Without including any pictures, copy every line below exactly.

Source material:
========================================================================

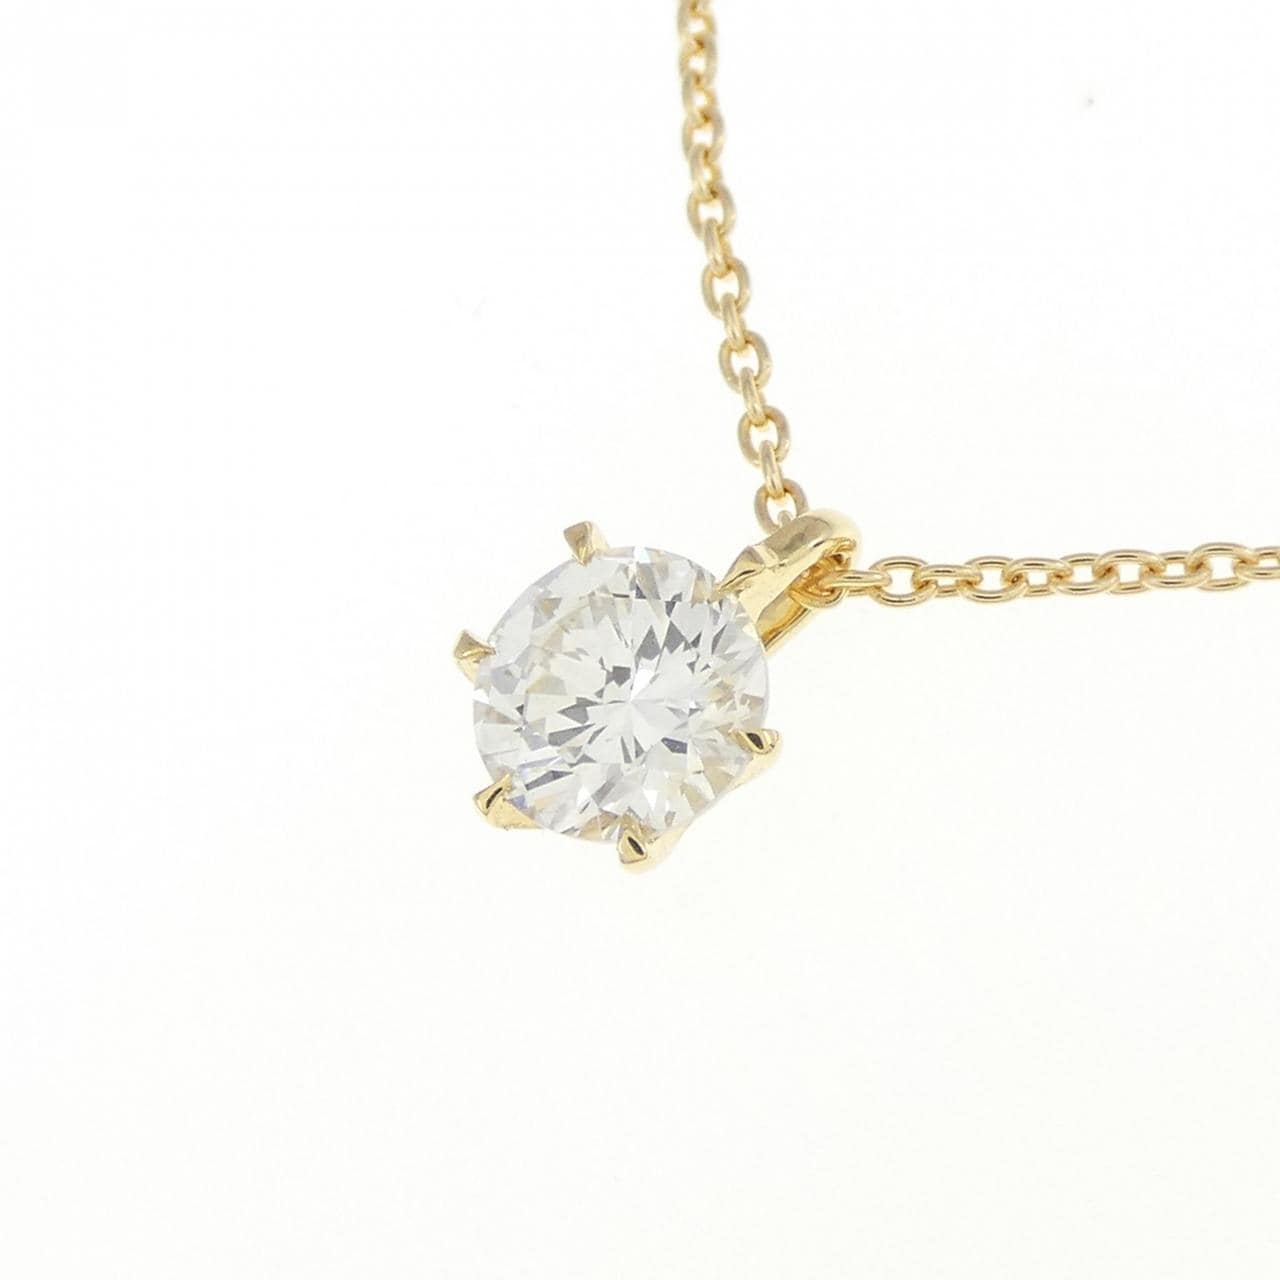 K18YG Diamond Necklace 0.393CT H I1 Good
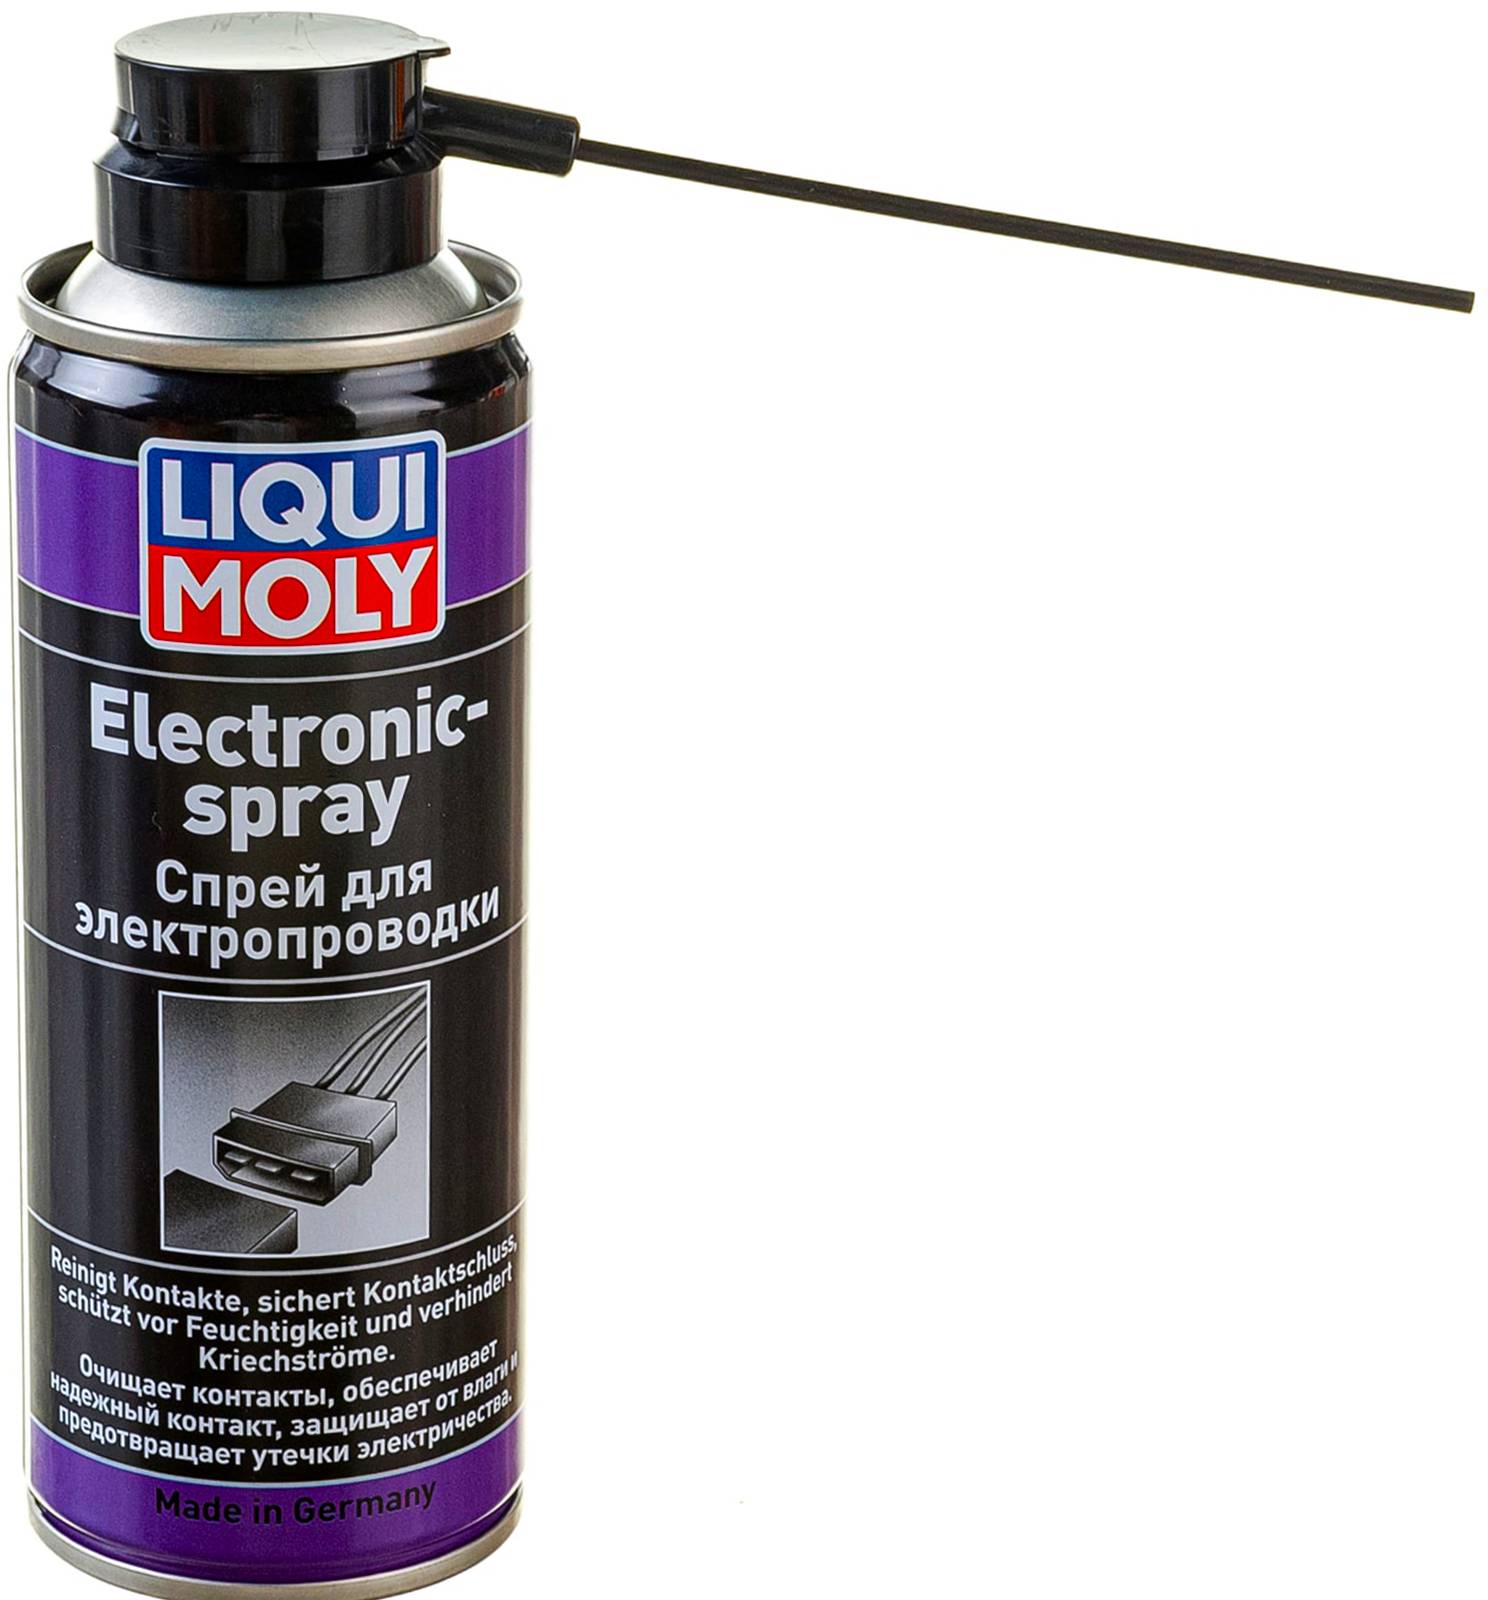 Спрей для электропроводки Liqui Moly Electronic-Spray 0,2л
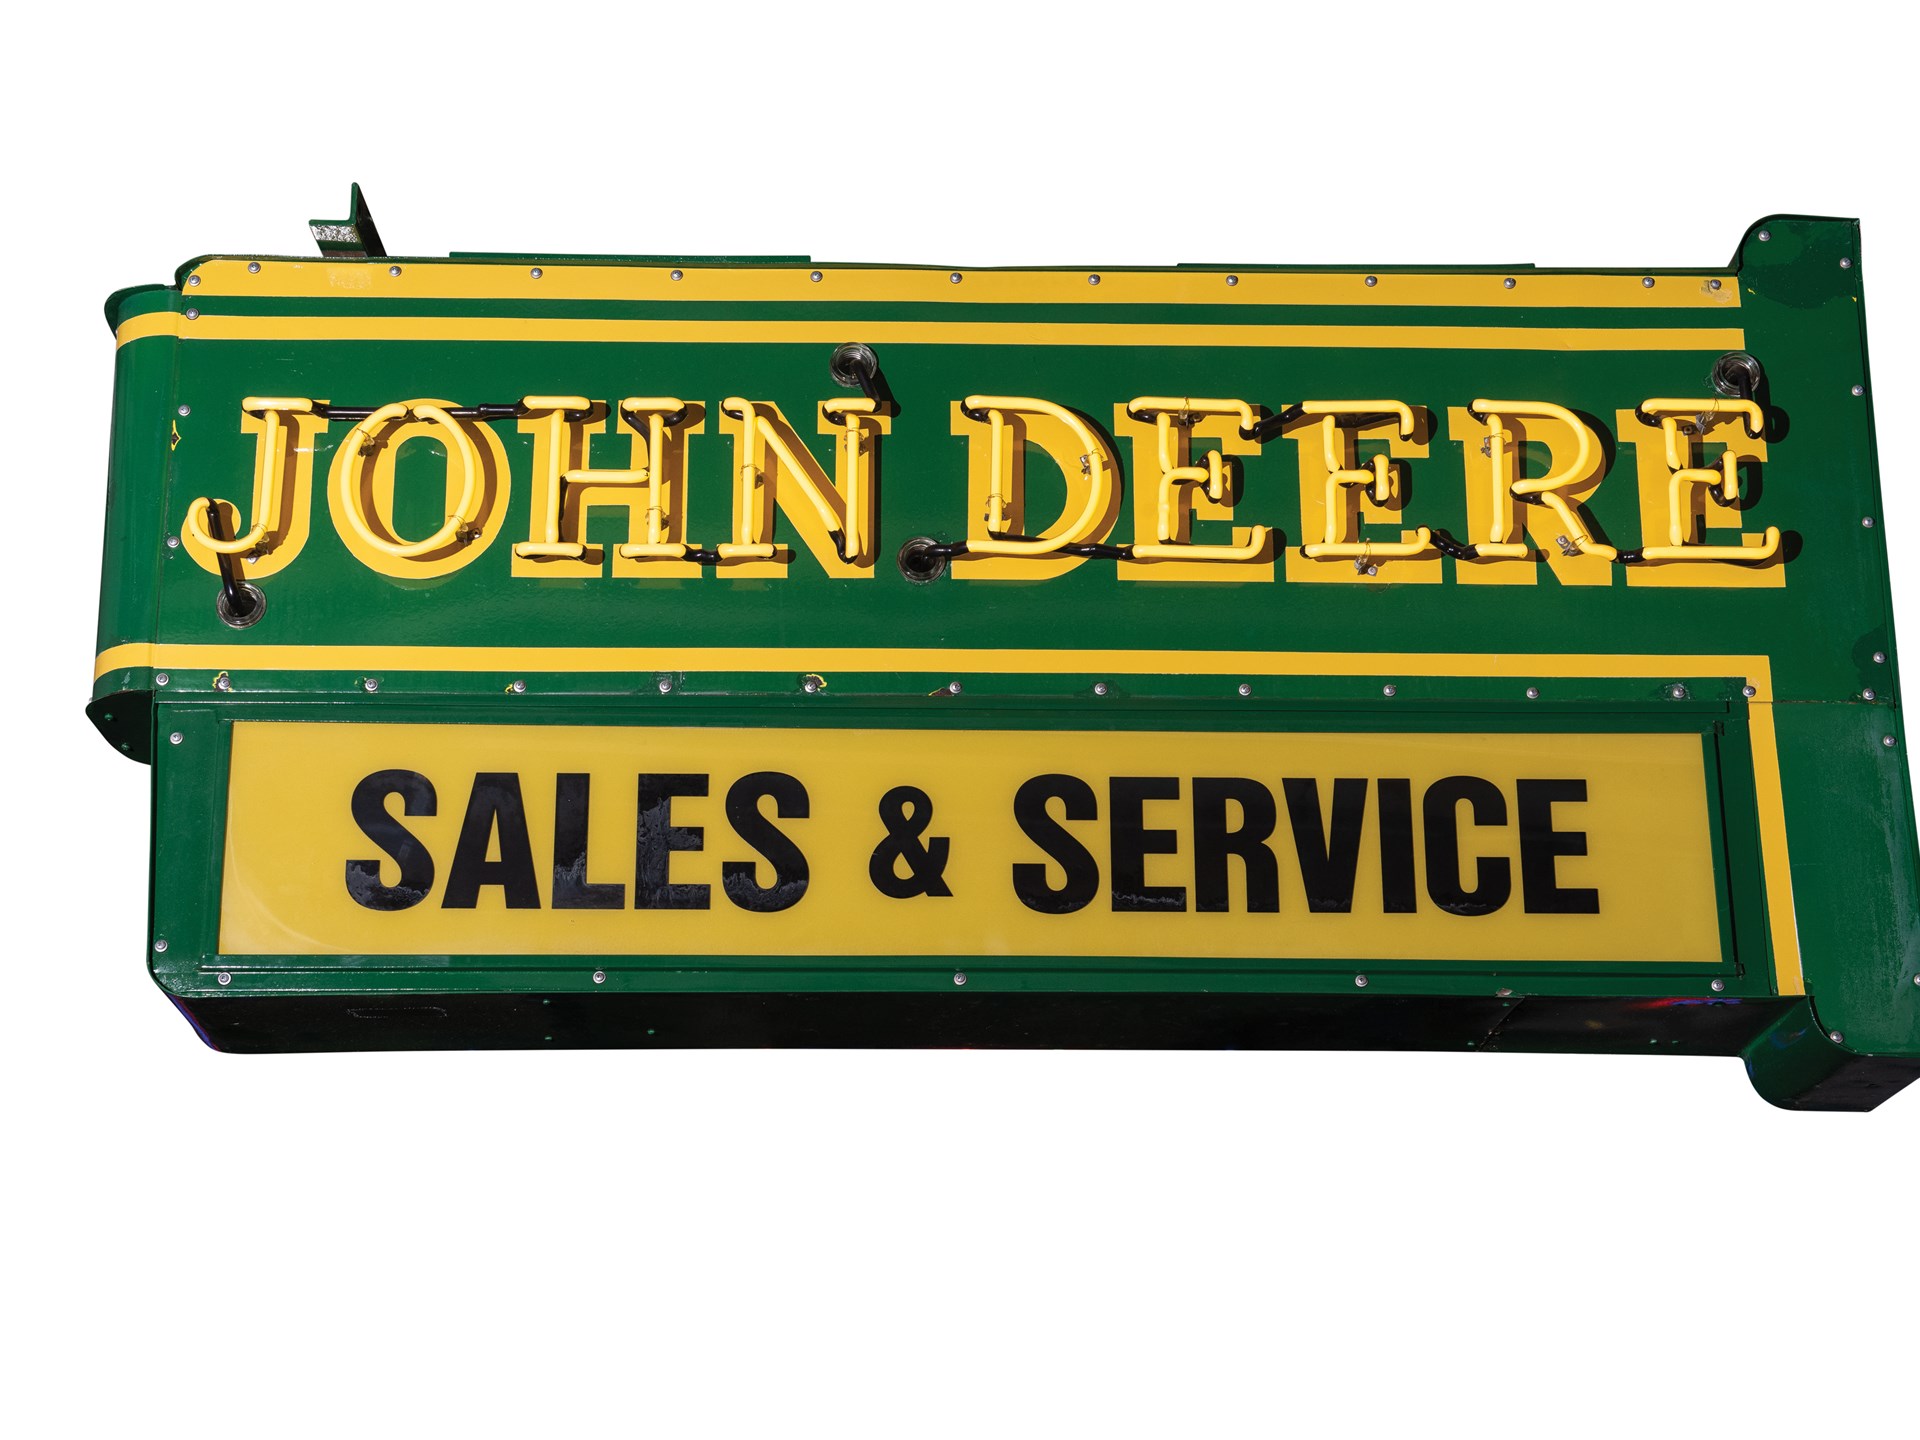 John Deere Sales & Service DoubleSided Neon Sign The Dingman

========================================================================

Answer to this exercise:
 K18YG Diamond Necklace 0.393CT H I1 Good
 Спрей для электропроводки Liqui Moly Electronic-Spray 0,2л
 John Deere Sales & Service DoubleSided Neon Sign The Dingman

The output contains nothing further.